**About this task:**
The lines below, from the one holding "Old Town Fairfax aerial" through the one holding "Black leather Barbour", are to be restated word for word, with all images left out.

**Provided information:**
+++++

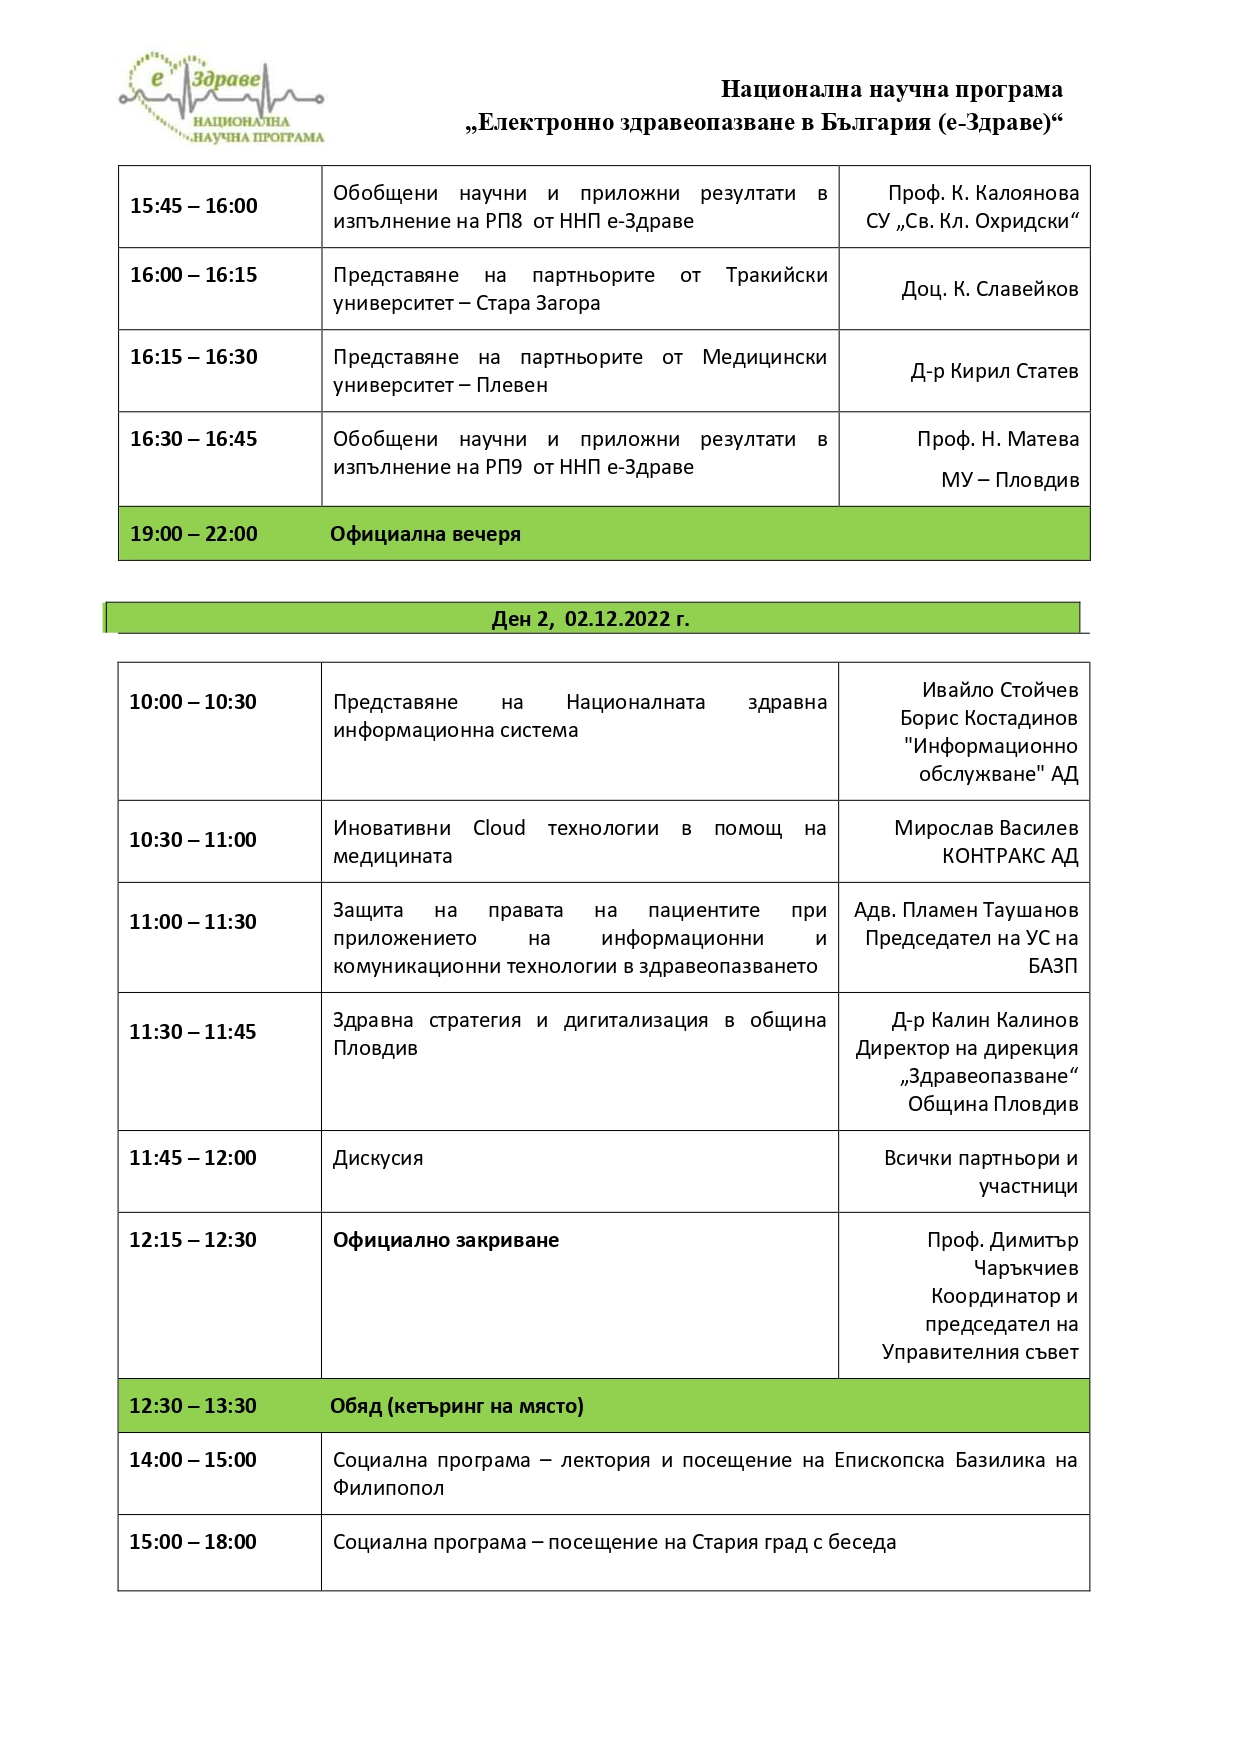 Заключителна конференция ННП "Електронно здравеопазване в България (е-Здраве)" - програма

+++++

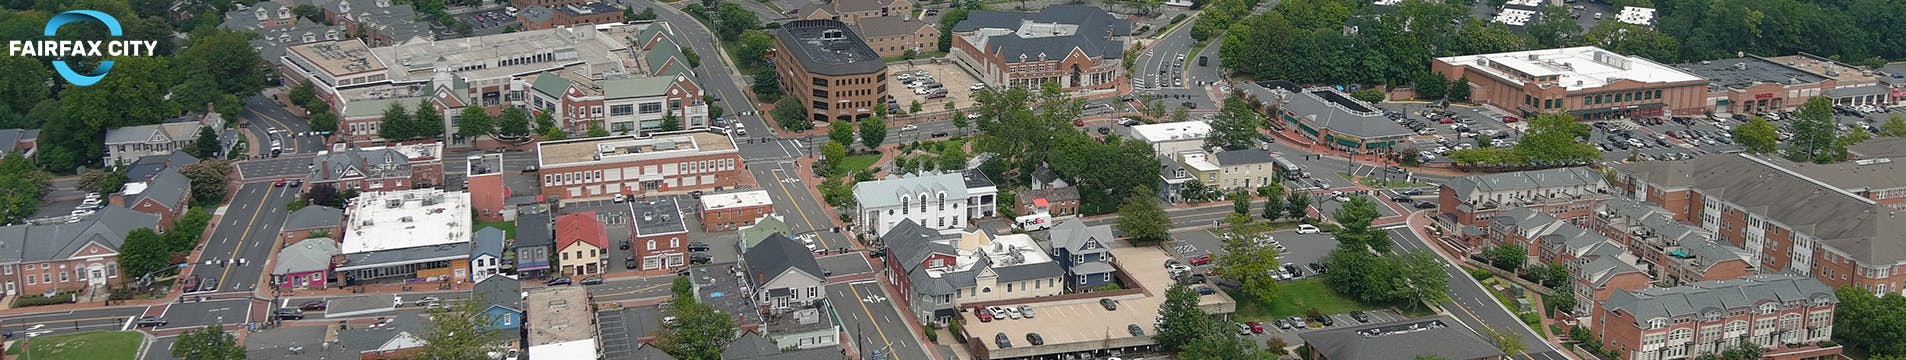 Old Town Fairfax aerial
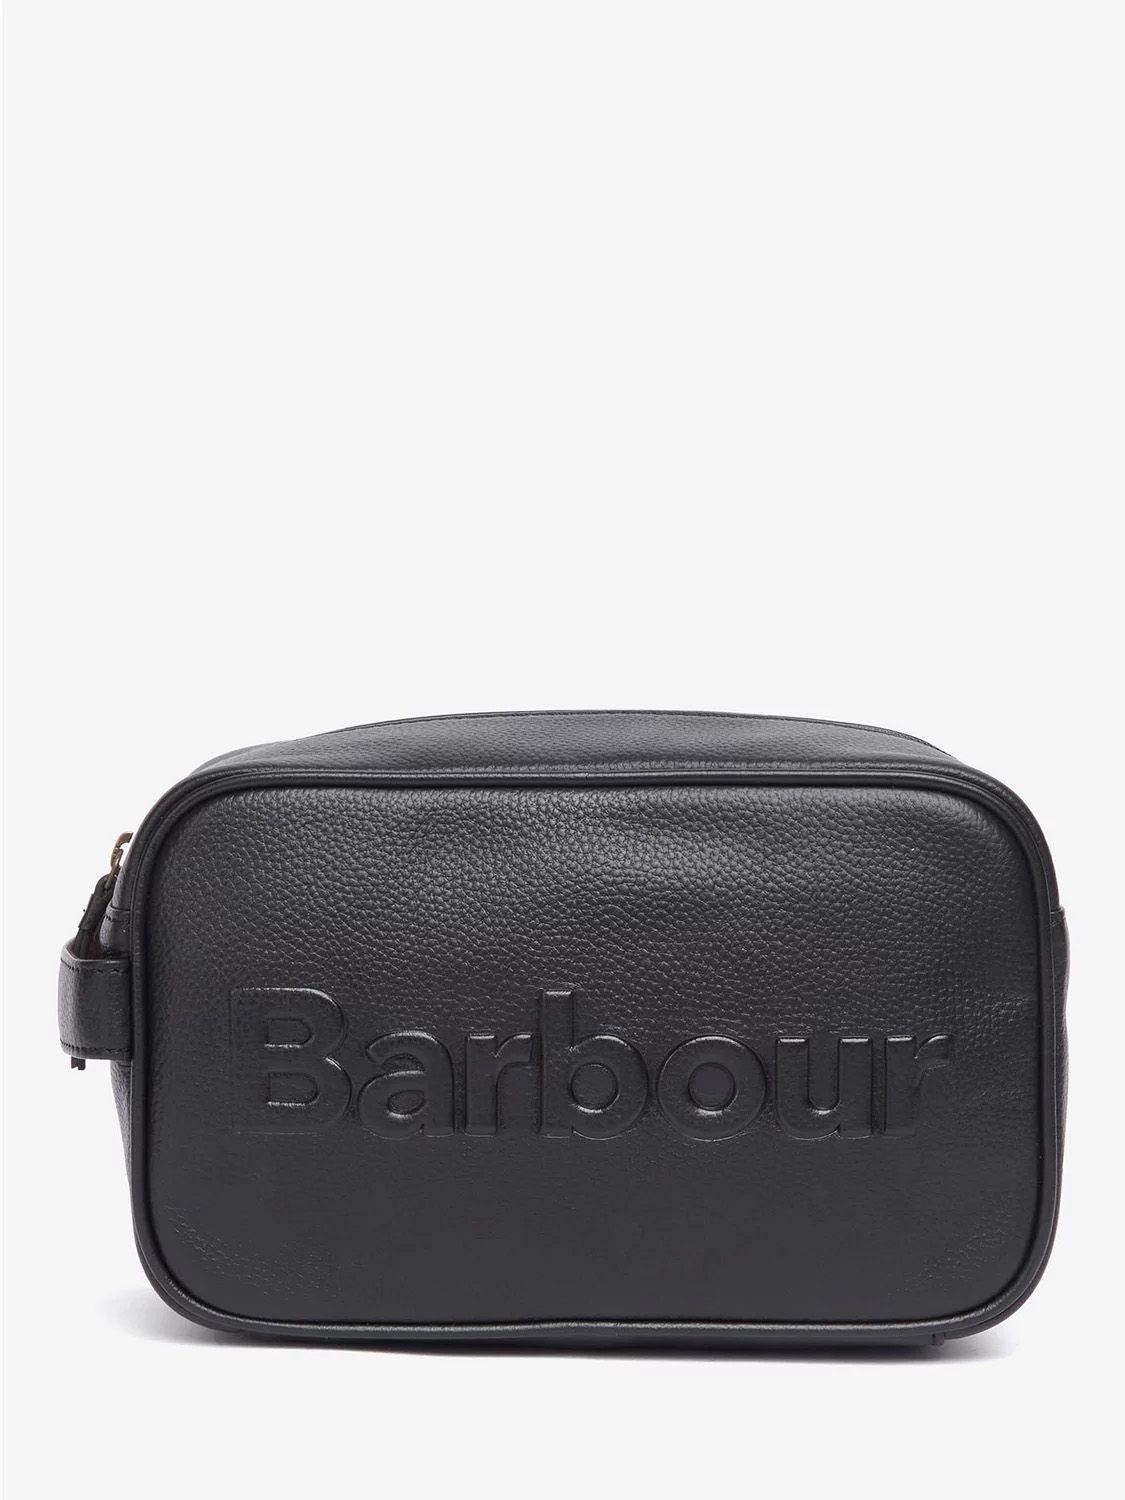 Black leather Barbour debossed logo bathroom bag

+++++

**Task output:**
 Old Town Fairfax aerial
 Black leather Barbour debossed logo bathroom bag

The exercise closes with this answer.